_Action item_.
Could you restate the whole listing below word for word, minus the pictures?

_Dataset extract_.
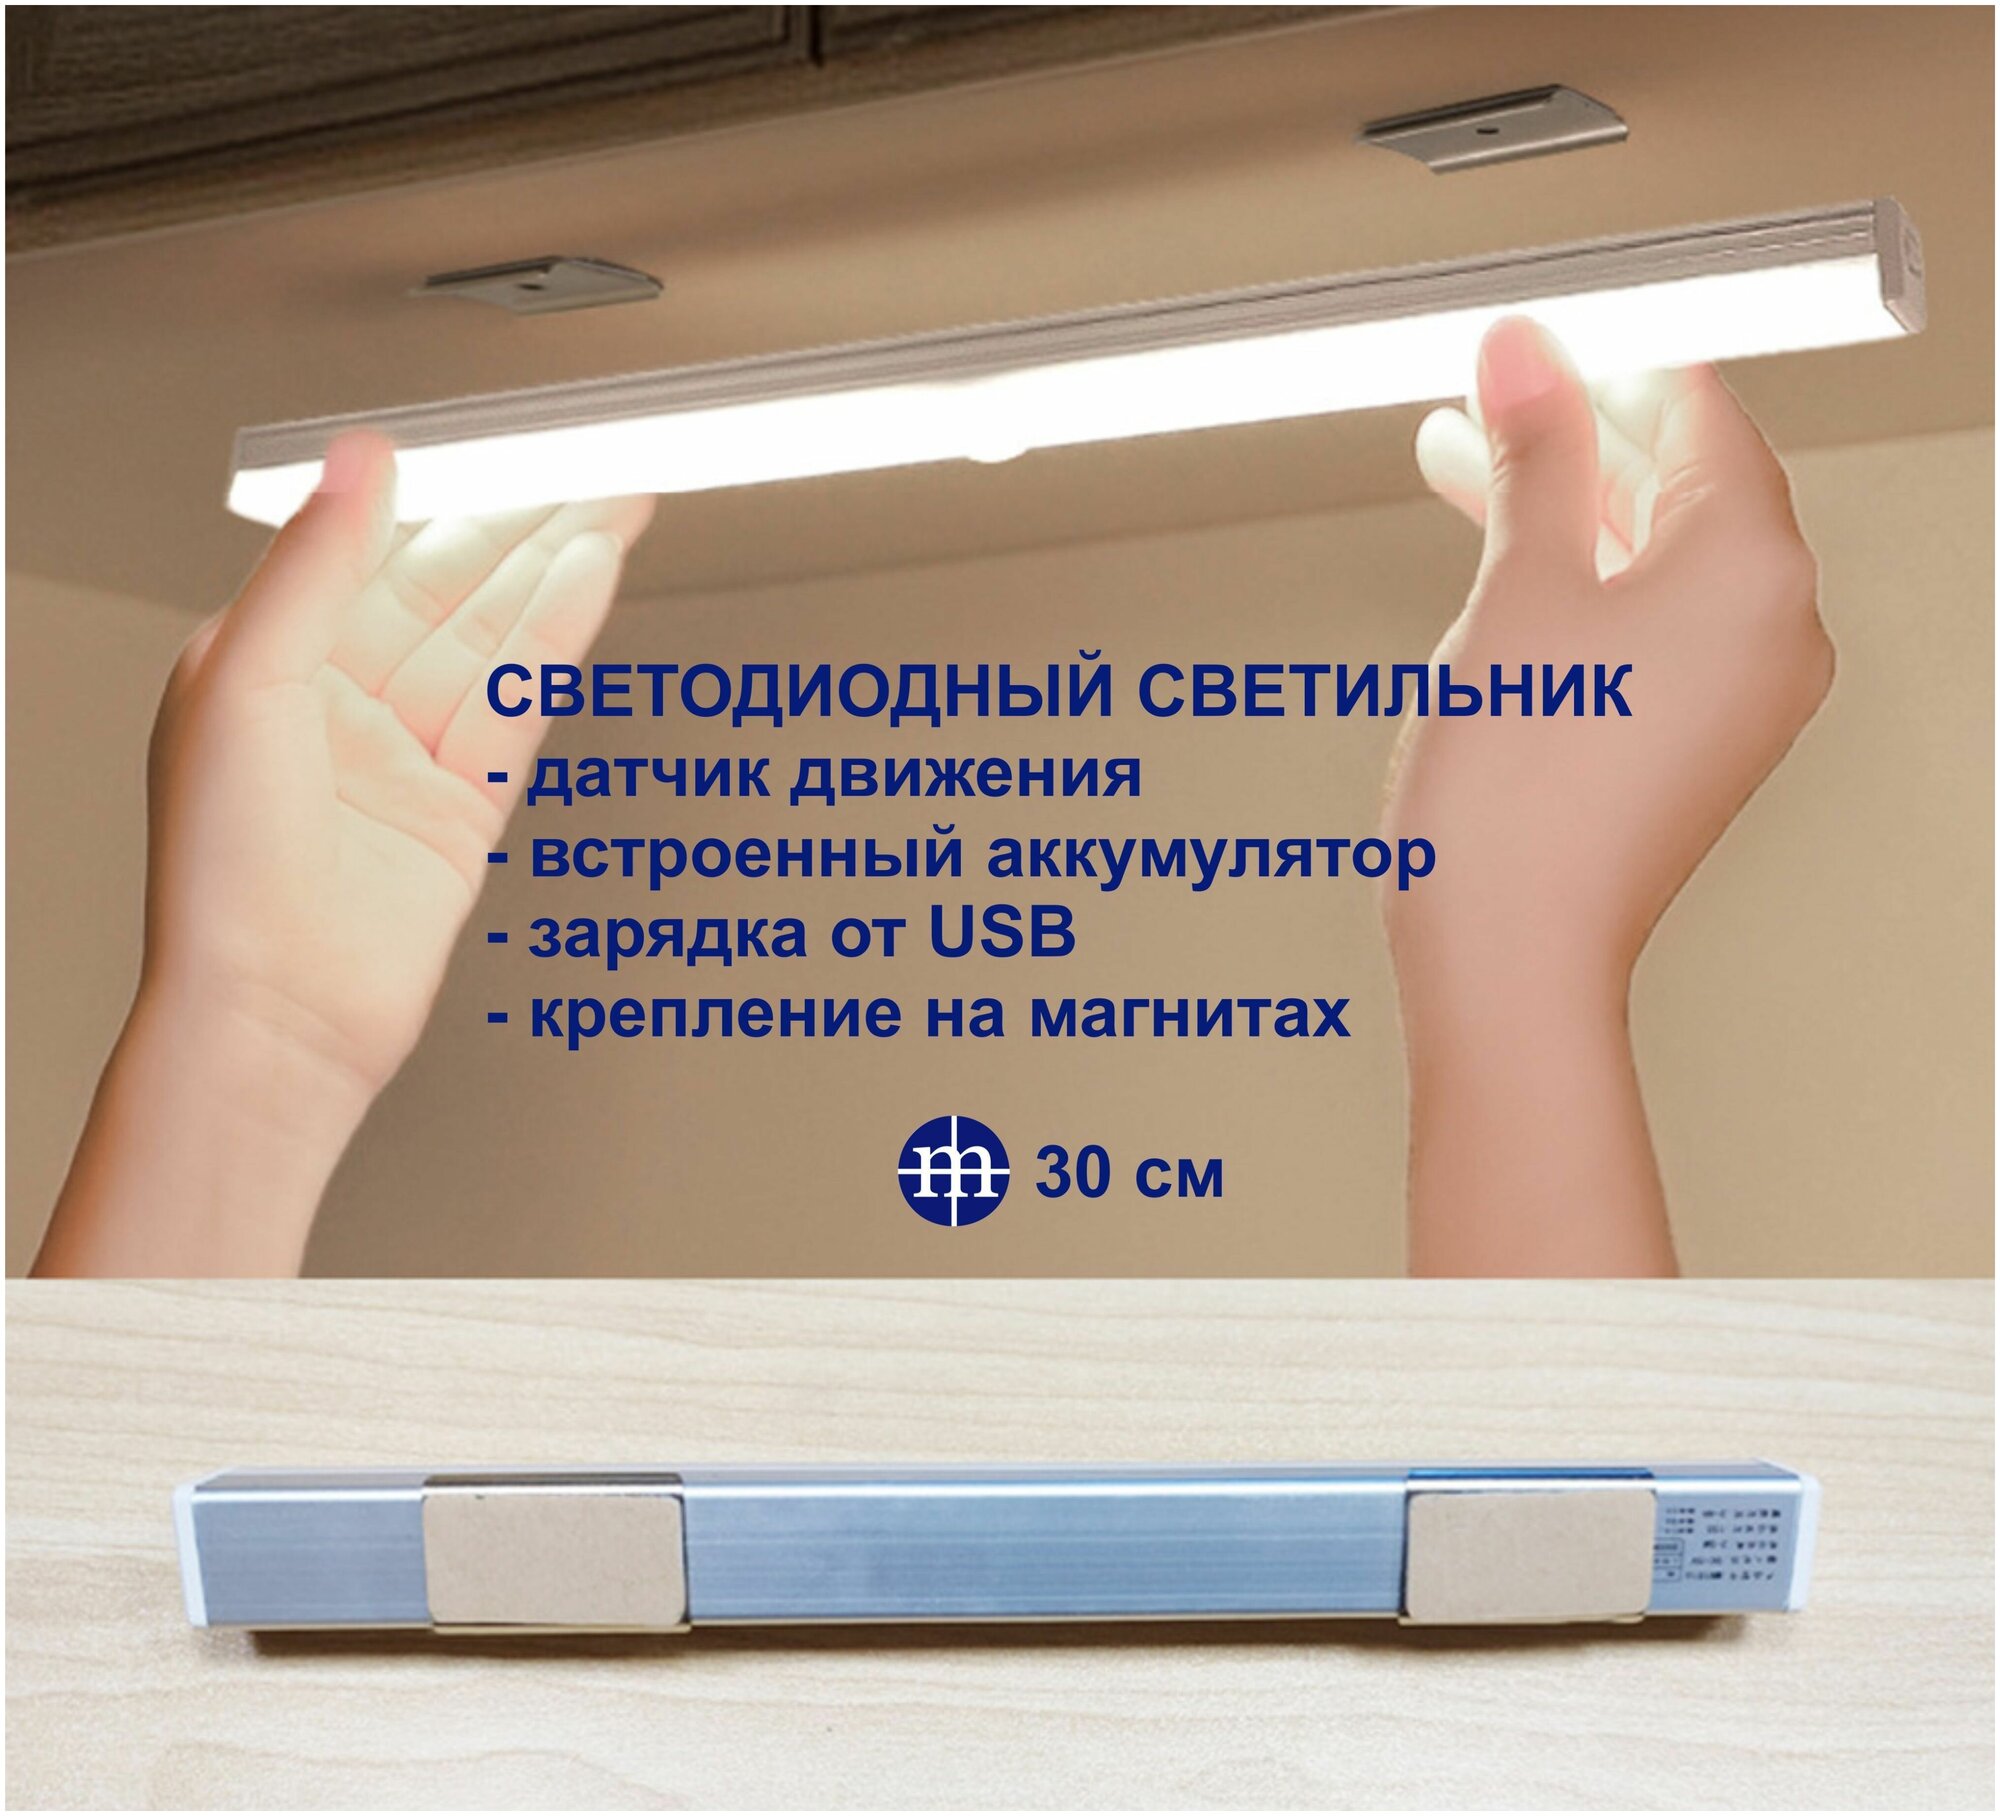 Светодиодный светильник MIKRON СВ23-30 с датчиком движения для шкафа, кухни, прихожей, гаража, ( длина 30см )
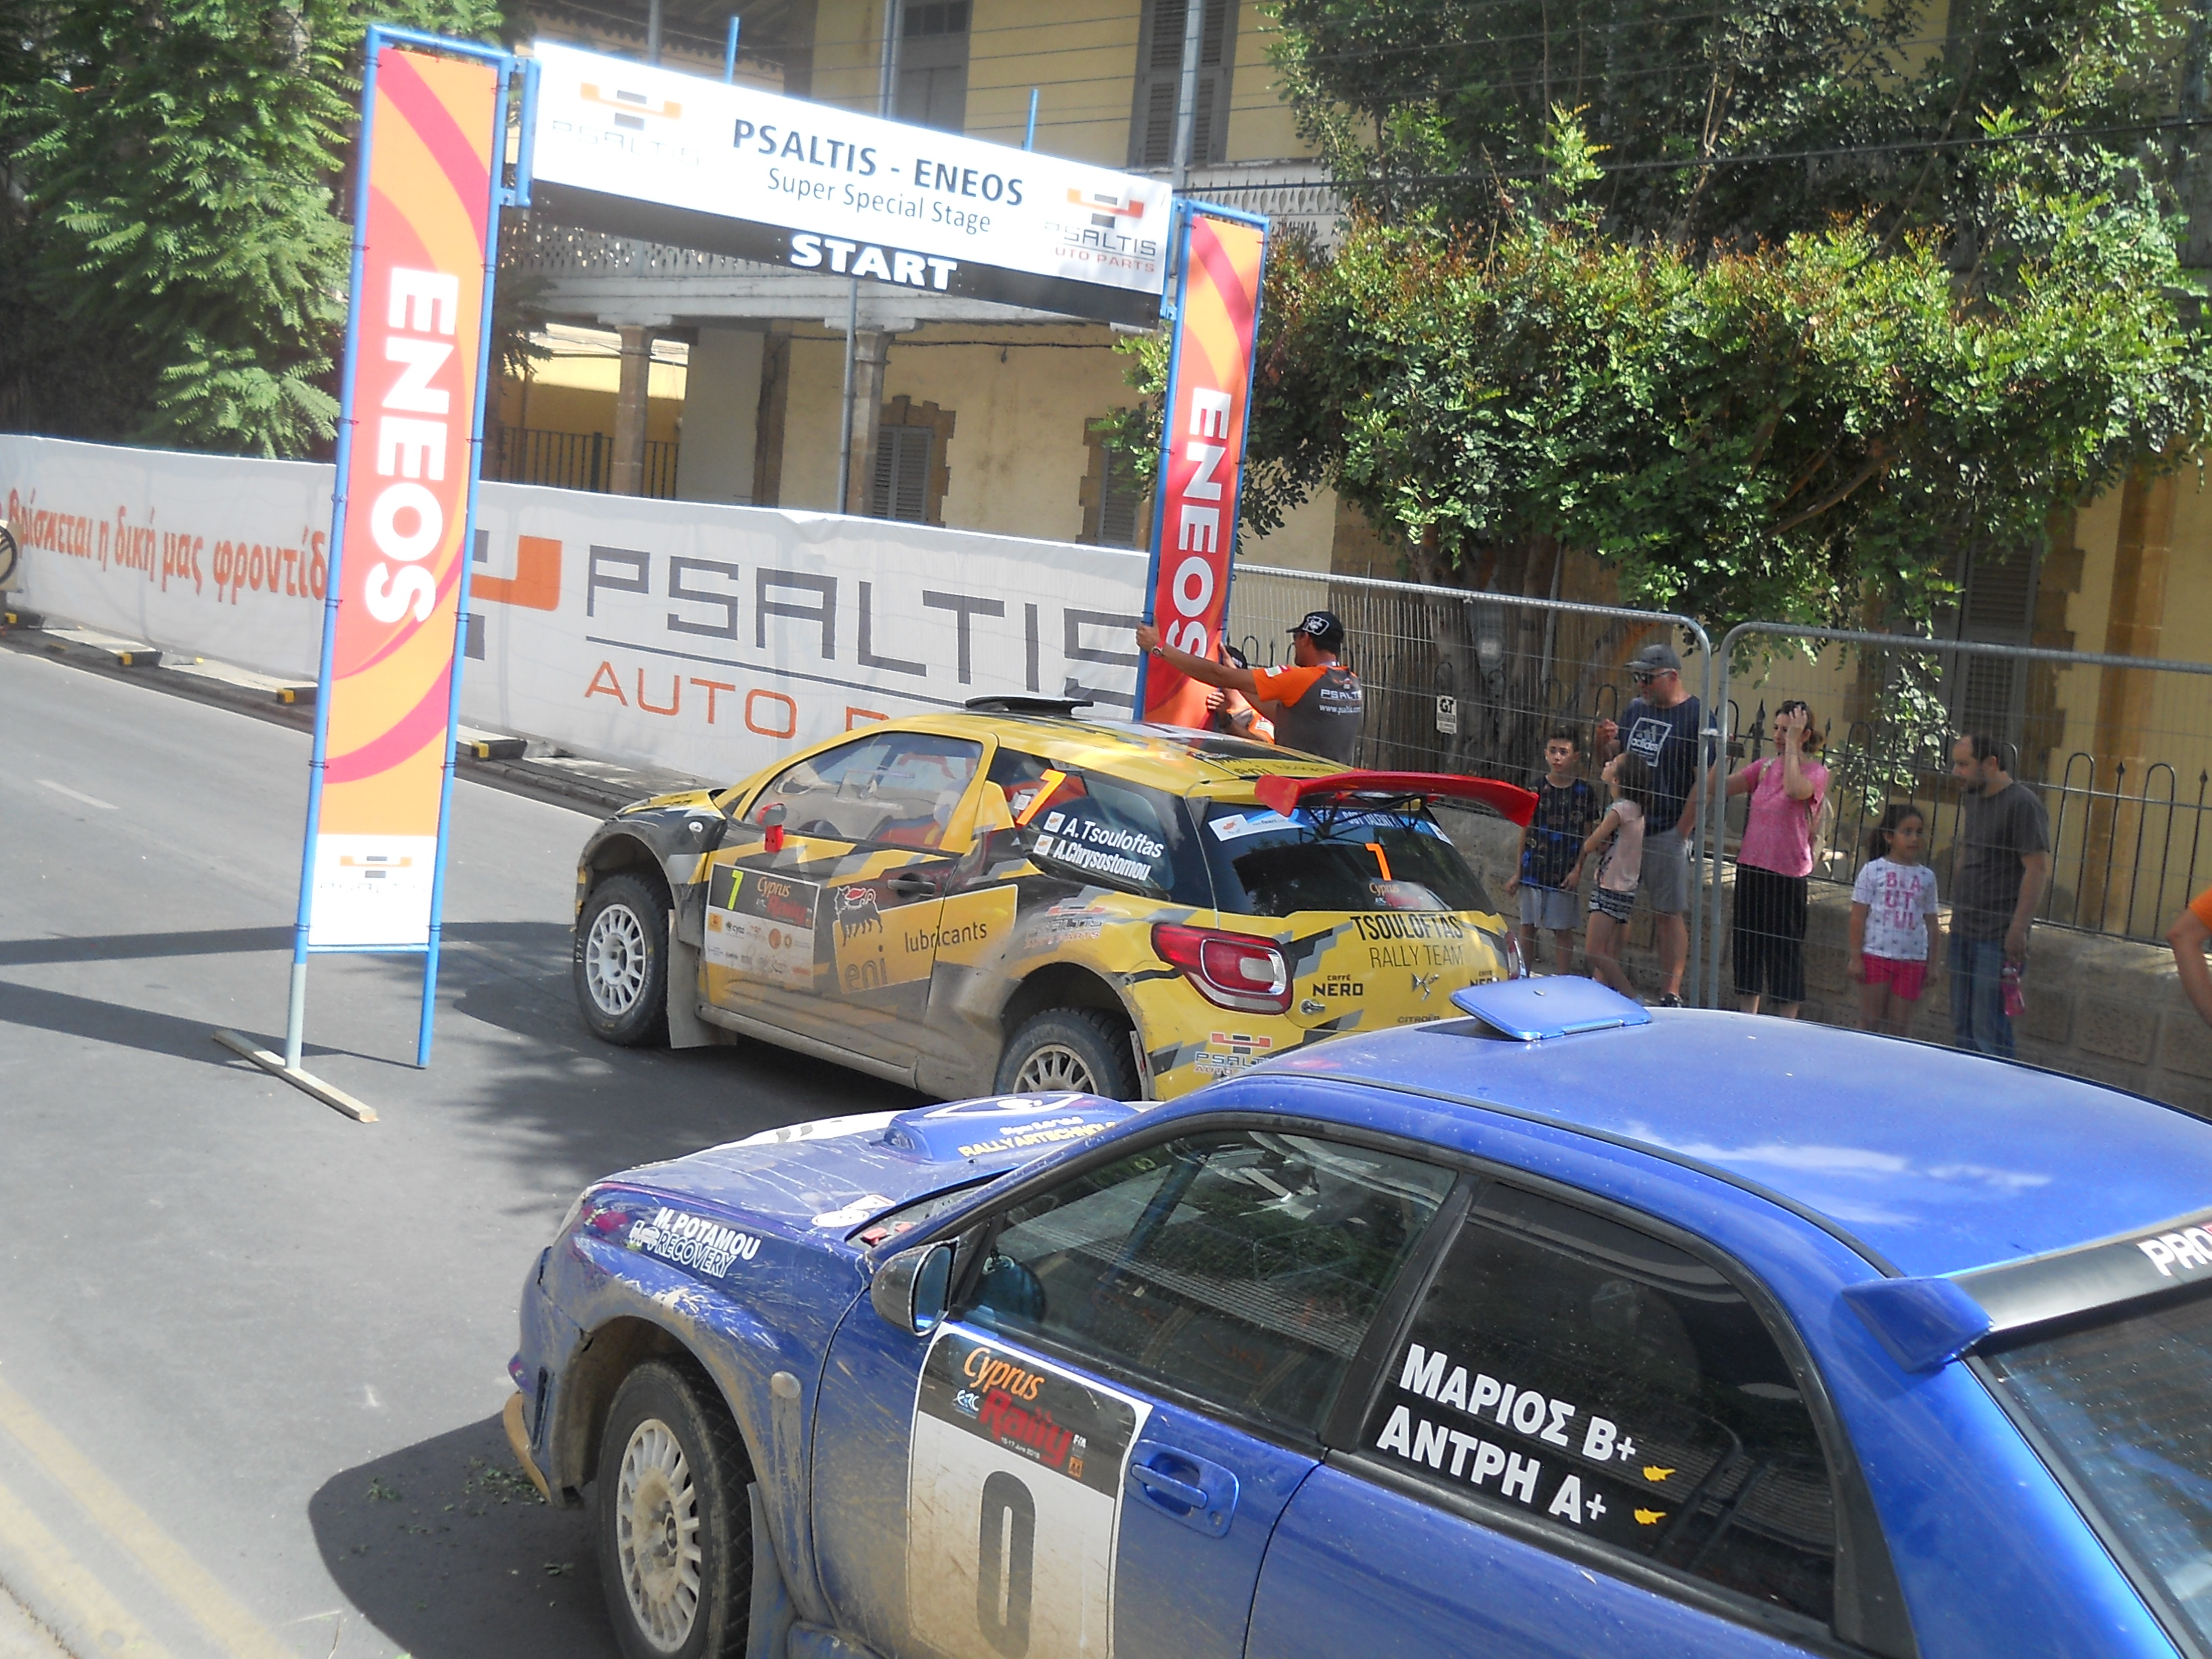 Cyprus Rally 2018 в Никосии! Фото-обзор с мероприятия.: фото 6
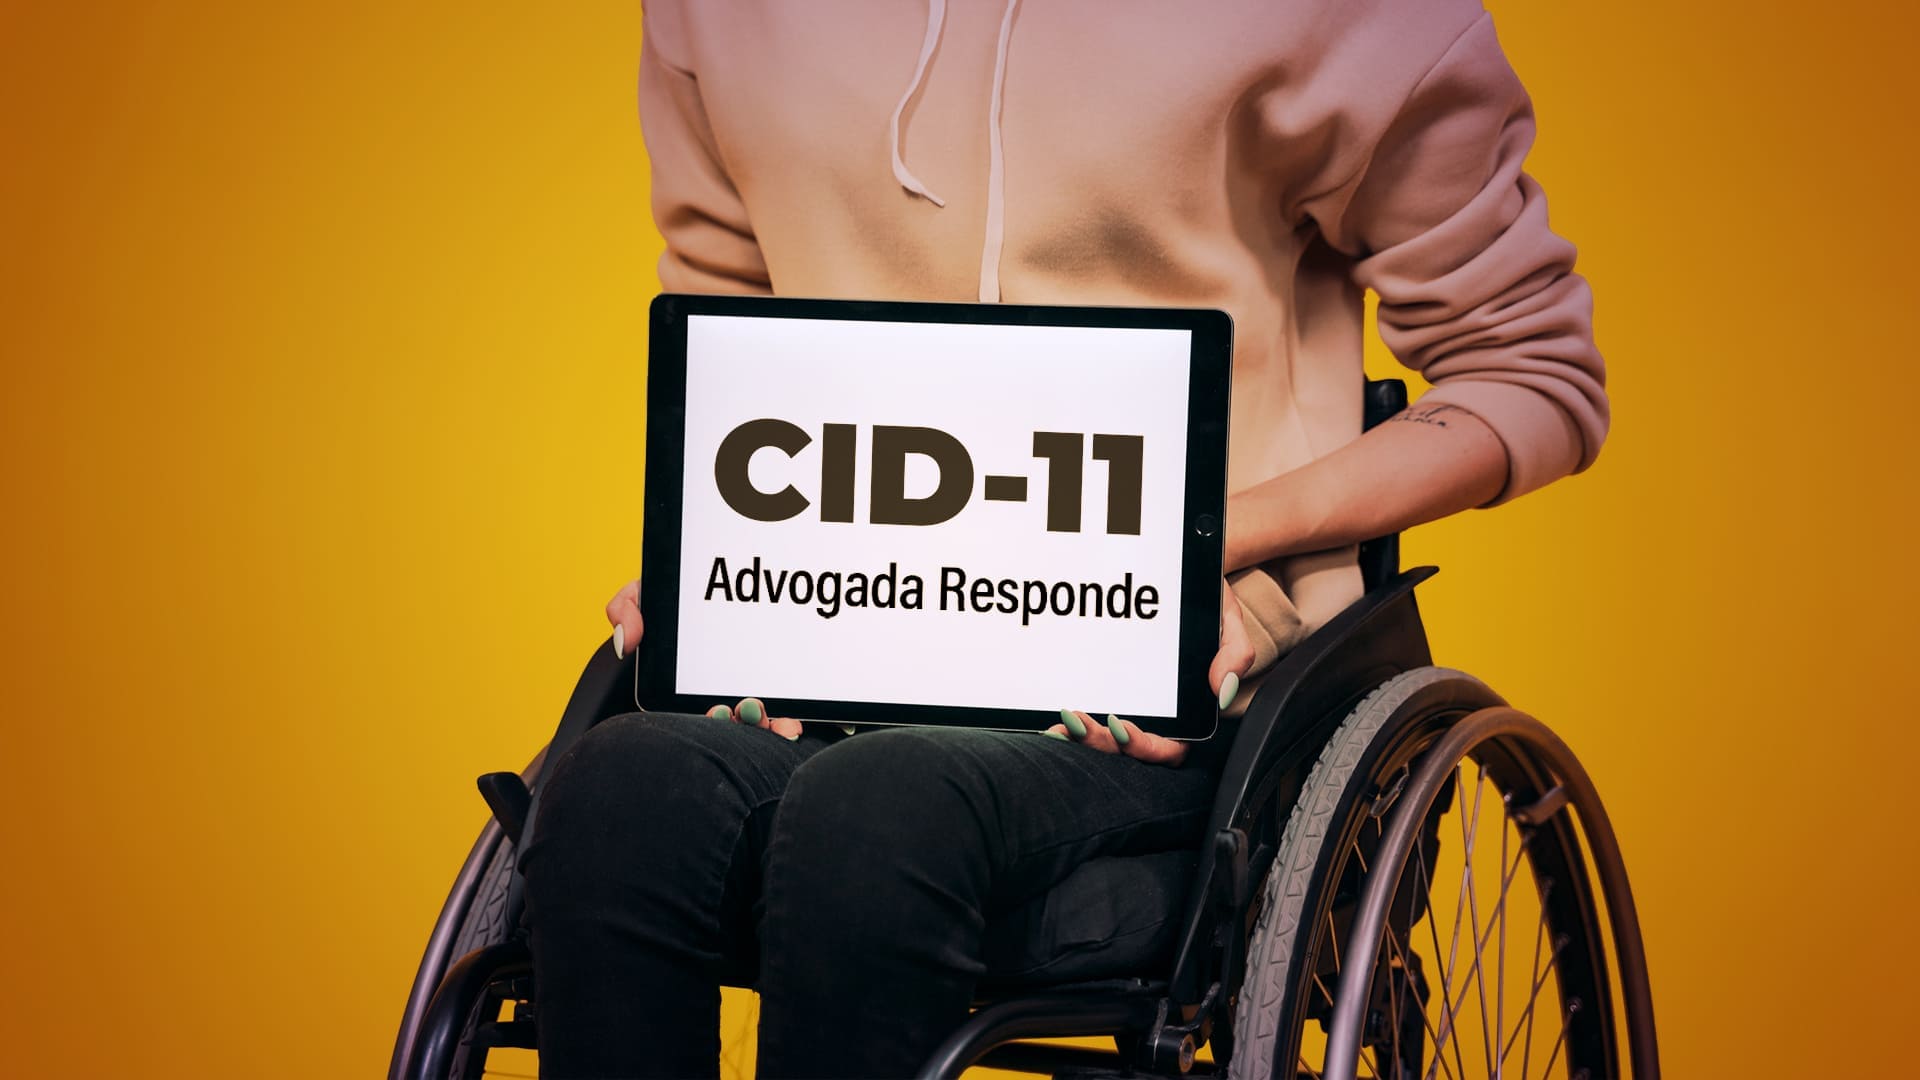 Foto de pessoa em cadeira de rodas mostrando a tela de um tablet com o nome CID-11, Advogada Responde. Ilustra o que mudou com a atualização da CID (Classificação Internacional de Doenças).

_Exercise solution_.
 Светодиодный светильник MIKRON СВ23-30 с датчиком движения для шкафа, кухни, прихожей, гаража, ( длина 30см )
 Cyprus Rally 2018 в Никосии! Фото-обзор с мероприятия.: фото 6
 Foto de pessoa em cadeira de rodas mostrando a tela de um tablet com o nome CID-11, Advogada Responde. Ilustra o que mudou com a atualização da CID (Classificação Internacional de Doenças).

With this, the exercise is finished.